### The records
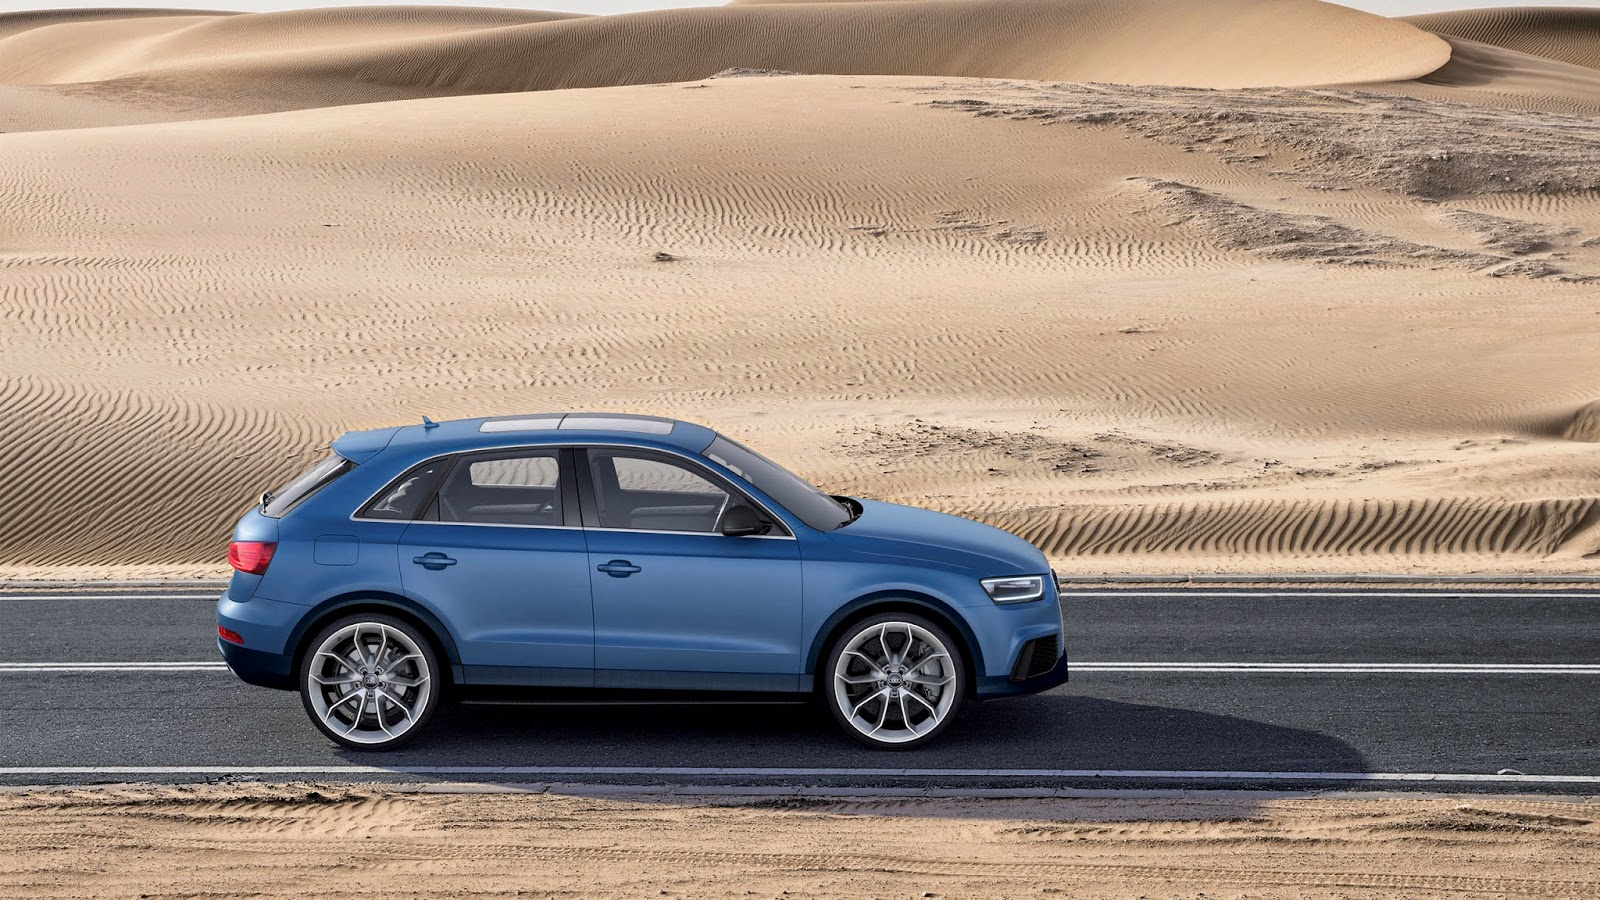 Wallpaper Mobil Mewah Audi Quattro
--
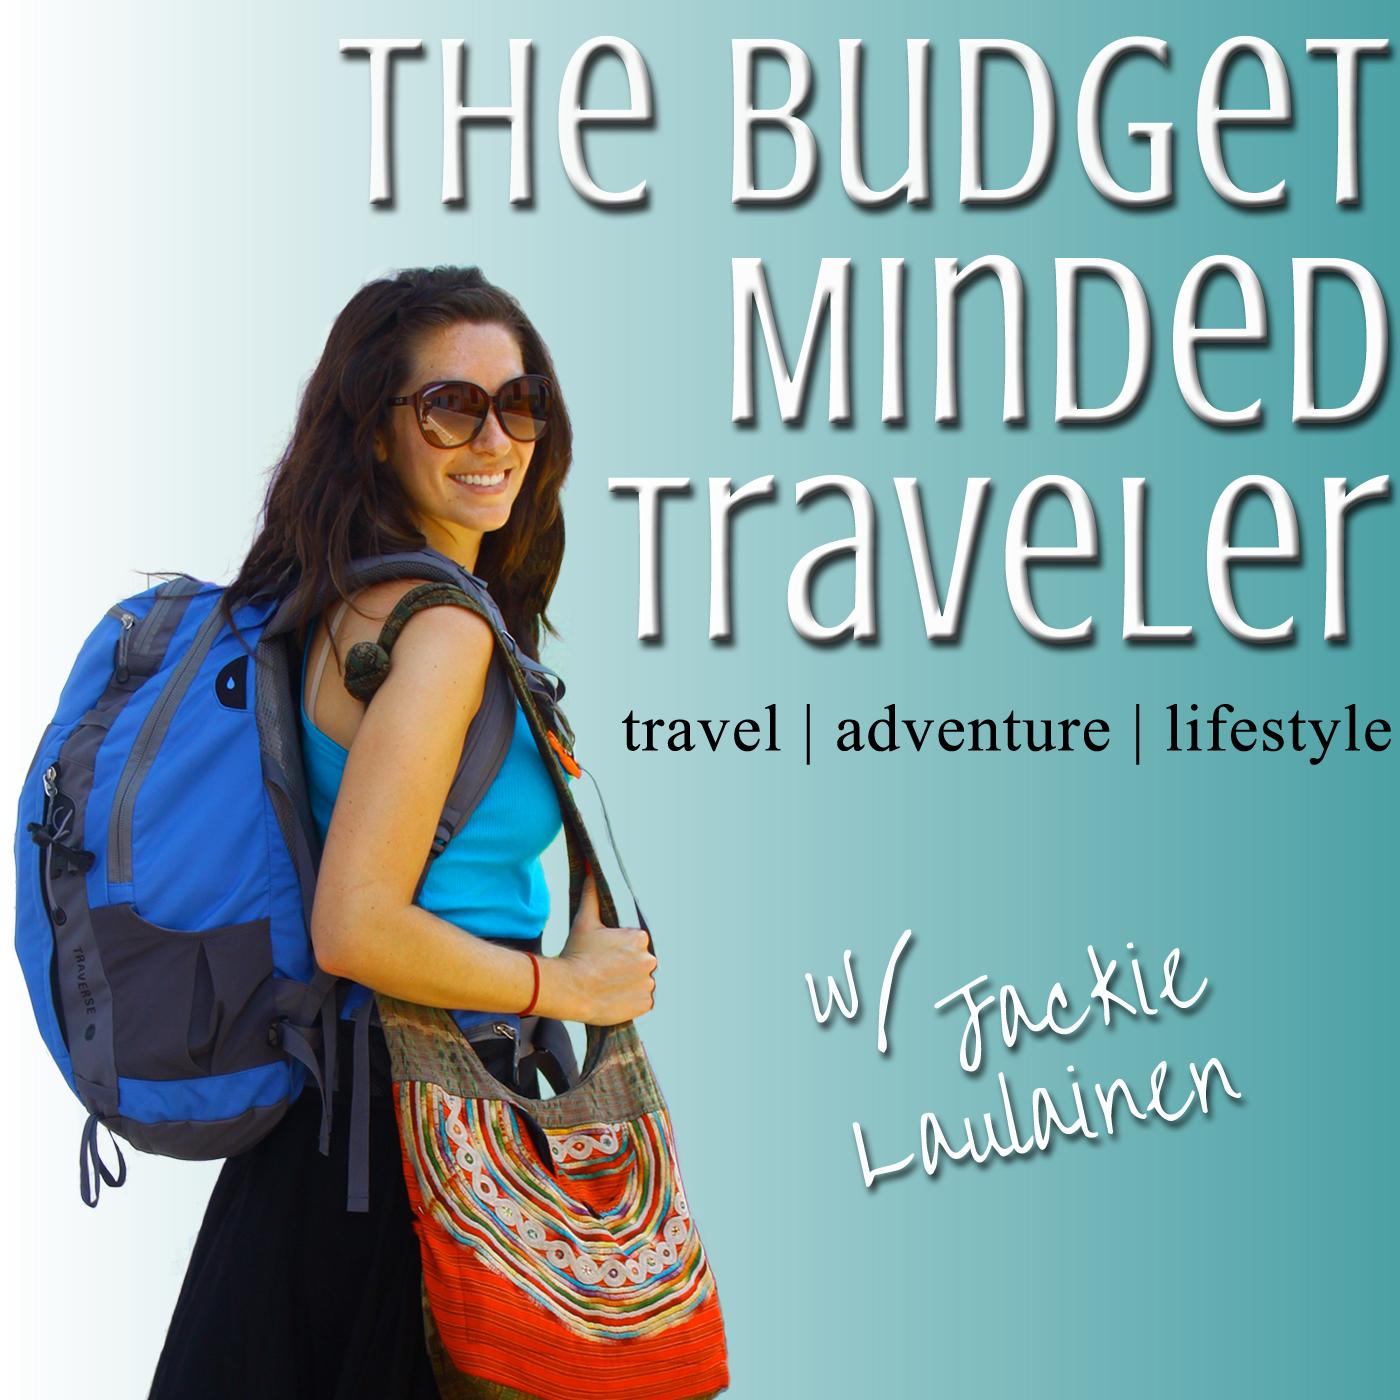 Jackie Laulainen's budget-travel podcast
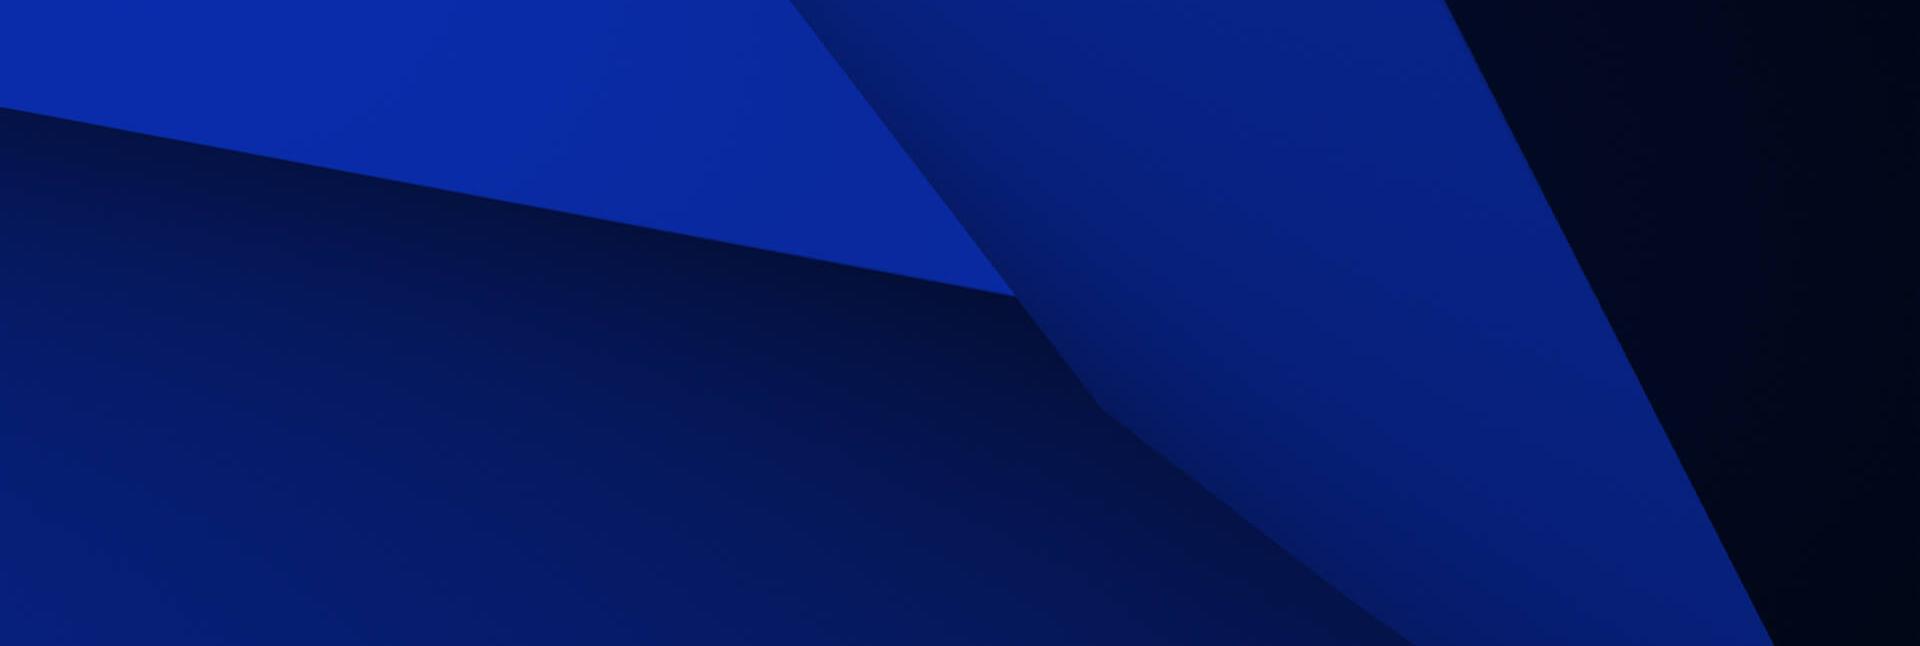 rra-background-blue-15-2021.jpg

### Task statement
Set down exactly the lines above, from the line containing "Jackie Laulainen's budget-travel podcast" through the line containing "rra-background-blue-15-2021.jpg". Skip the pictures.

### Output below
 Jackie Laulainen's budget-travel podcast
 rra-background-blue-15-2021.jpg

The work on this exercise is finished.